Of the 37 of 39 COVID-19 patients with an altered mental state for whom age was available, 18 (49%) were younger than 60 years, which could be because they were more likely to be referred to a psychiatrist or other specialist, while physicians may be likely to attribute confusion or behavioral changes in older patients to delirium without further investigation, the authors said.

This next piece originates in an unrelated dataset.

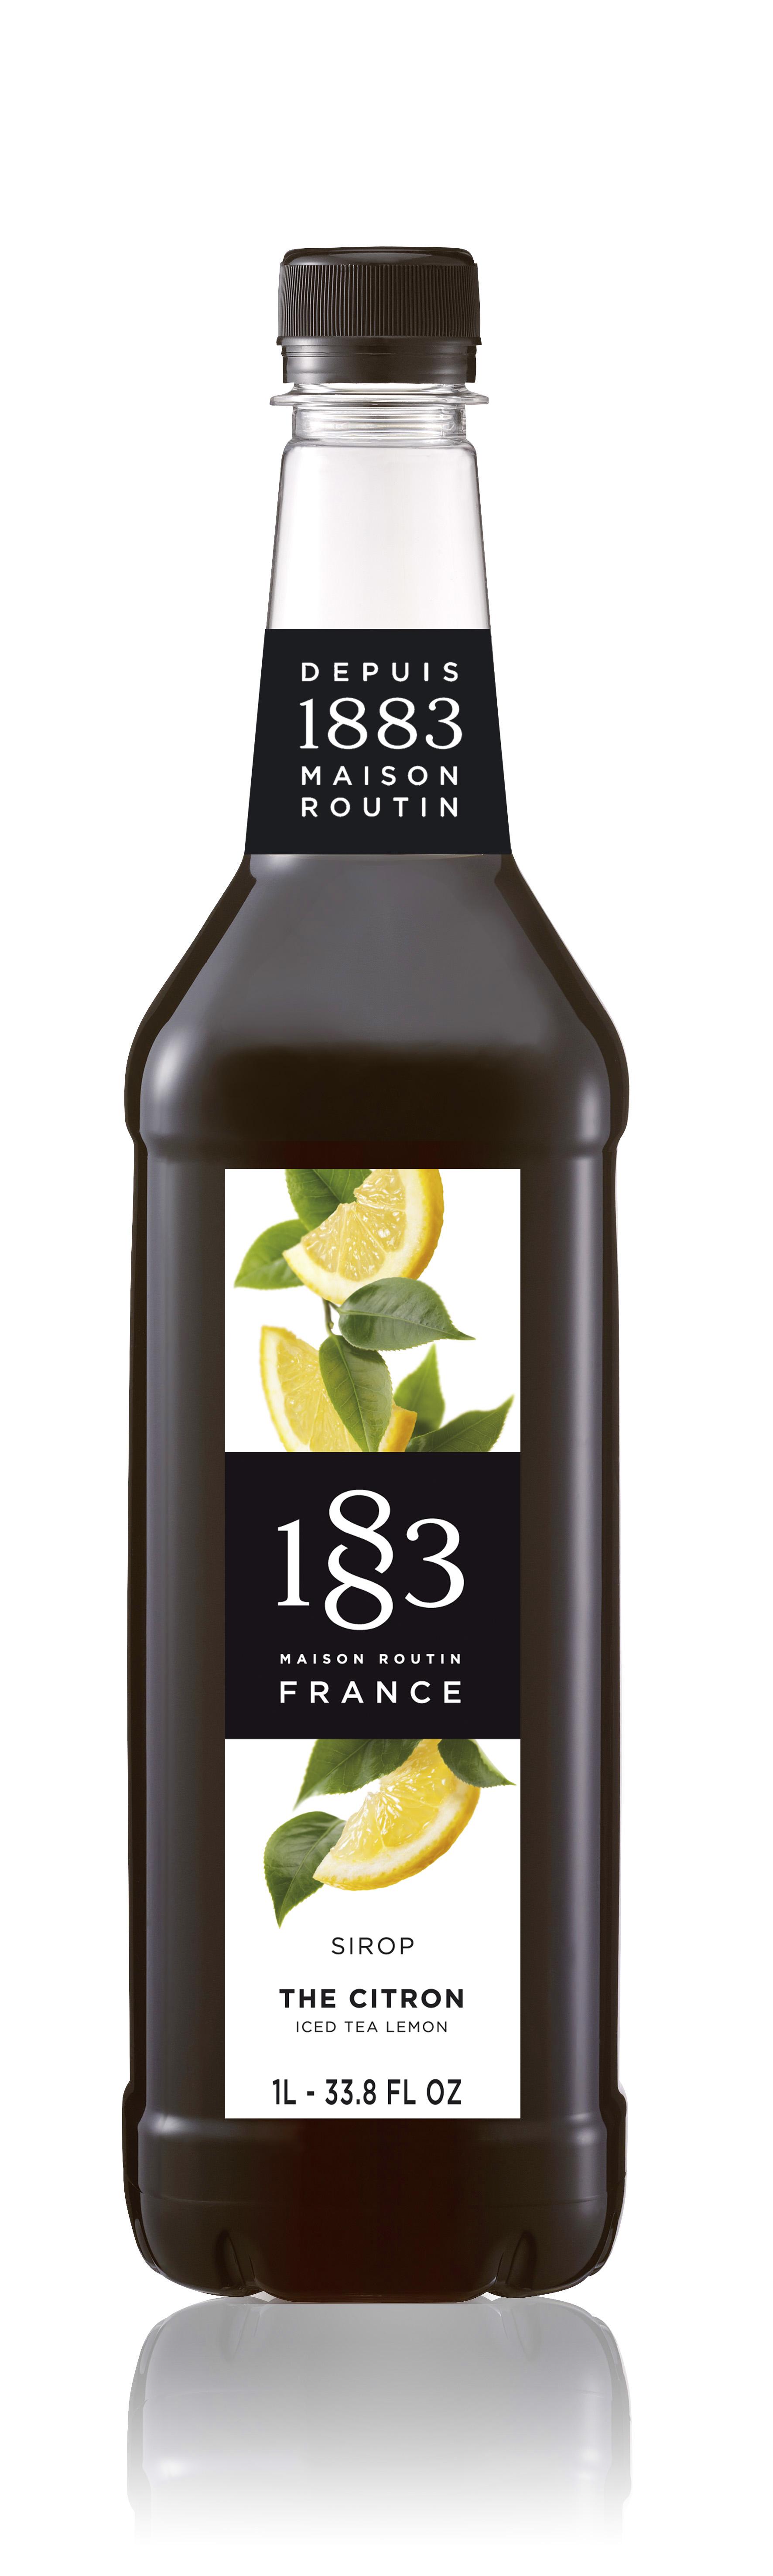 1883 Syrup Iced Tea Lemon  1L PET Plastic Bottle

Altered mental states in younger patients

While altered mental states are not uncommon in hospitalized patients with infections, especially those requiring intensive care, they occur most often in older patients.

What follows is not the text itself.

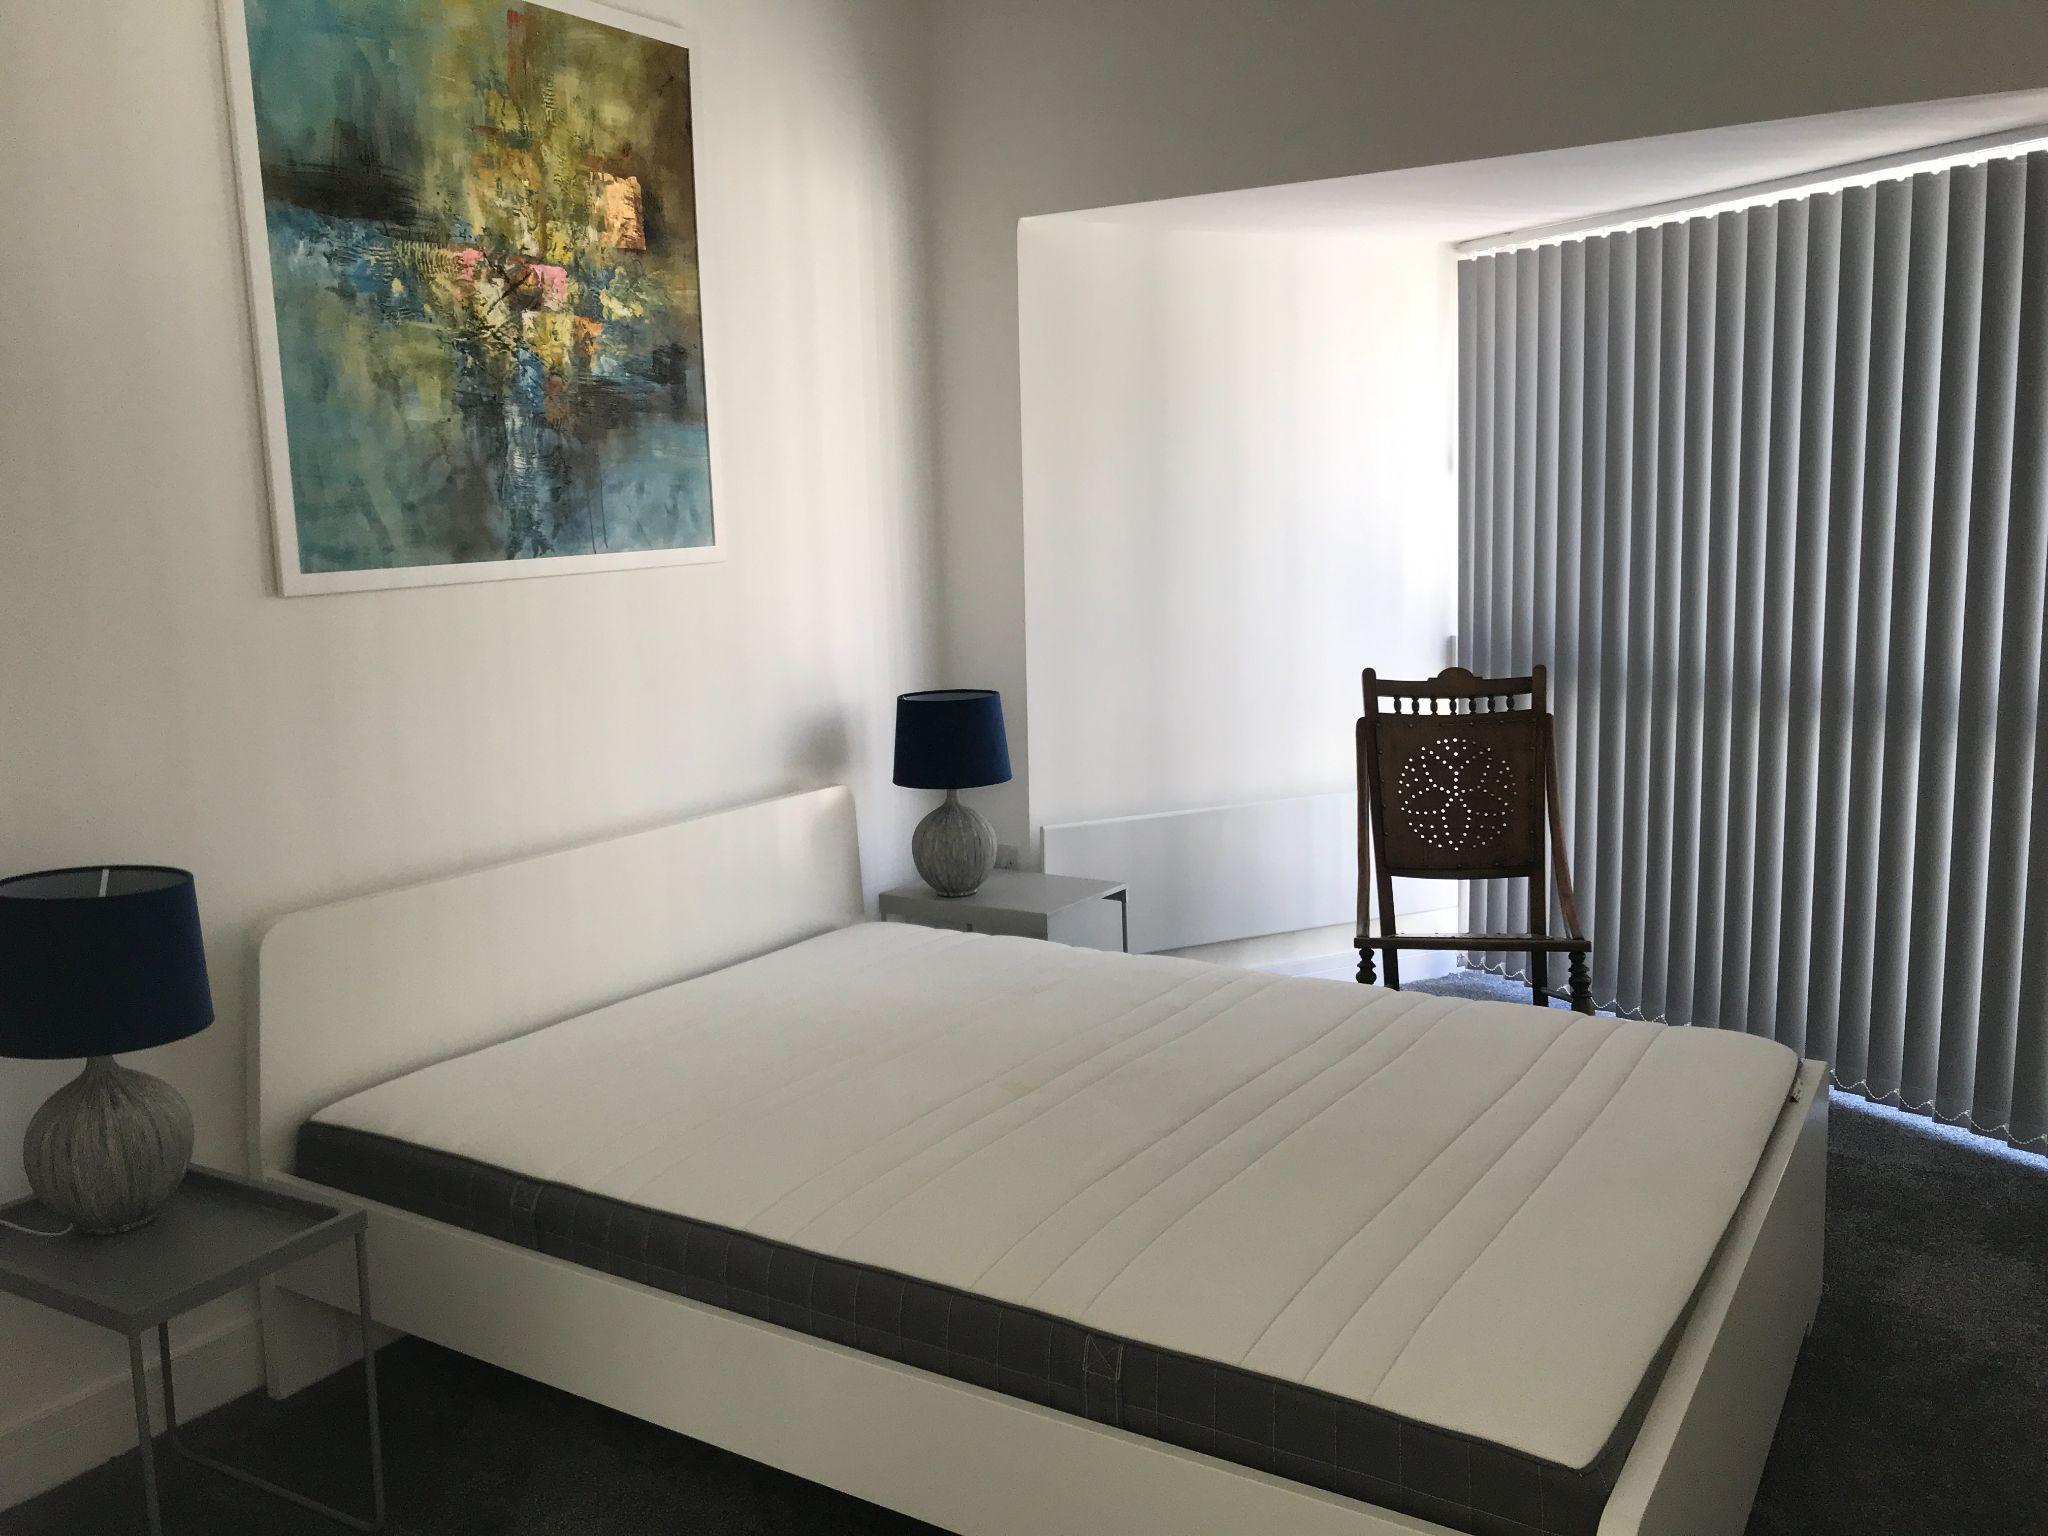 2 Bedroom Apartment Flat/apartment - Photograph 5

"In this study, we observed a disproportionate number of neuropsychiatric presentations in younger patients and a predominance of cerebrovascular complications in older patients, which might reflect the state of health of the cerebral vasculature and associated risk factors, exacerbated by critical illness in older patients," the authors said.

They also noted that study patients were hospitalized and chosen for inclusion by physician specialists, who reported case details in a UK-wide online network hosted by professional societies, and thus likely represent the most severe coronavirus cases.

The results add to a growing number of reports of potential neurologic complications of COVID-19. The researchers said that clinicians should be alert to the development of these conditions in coronavirus patients and called for larger, longer-term studies. Such research could determine if there is indeed a link between COVID-19 and brain complications, confirm which coronavirus patients are at risk for these complications, and describe potential mechanisms and underlying genetic factors for these conditions.

Study coauthor Sarah Pett, MBBS, PhD, of University College London, said in a Lancet press release that the results represent an important snapshot of brain complications in COVID-19 patients at the height of the UK epidemic. "We also need to understand brain-complications in people in the community who have COVID-19 but were not sick enough to be hospitalised," she said. "Our study provides the foundations for larger, hospital and community-based studies."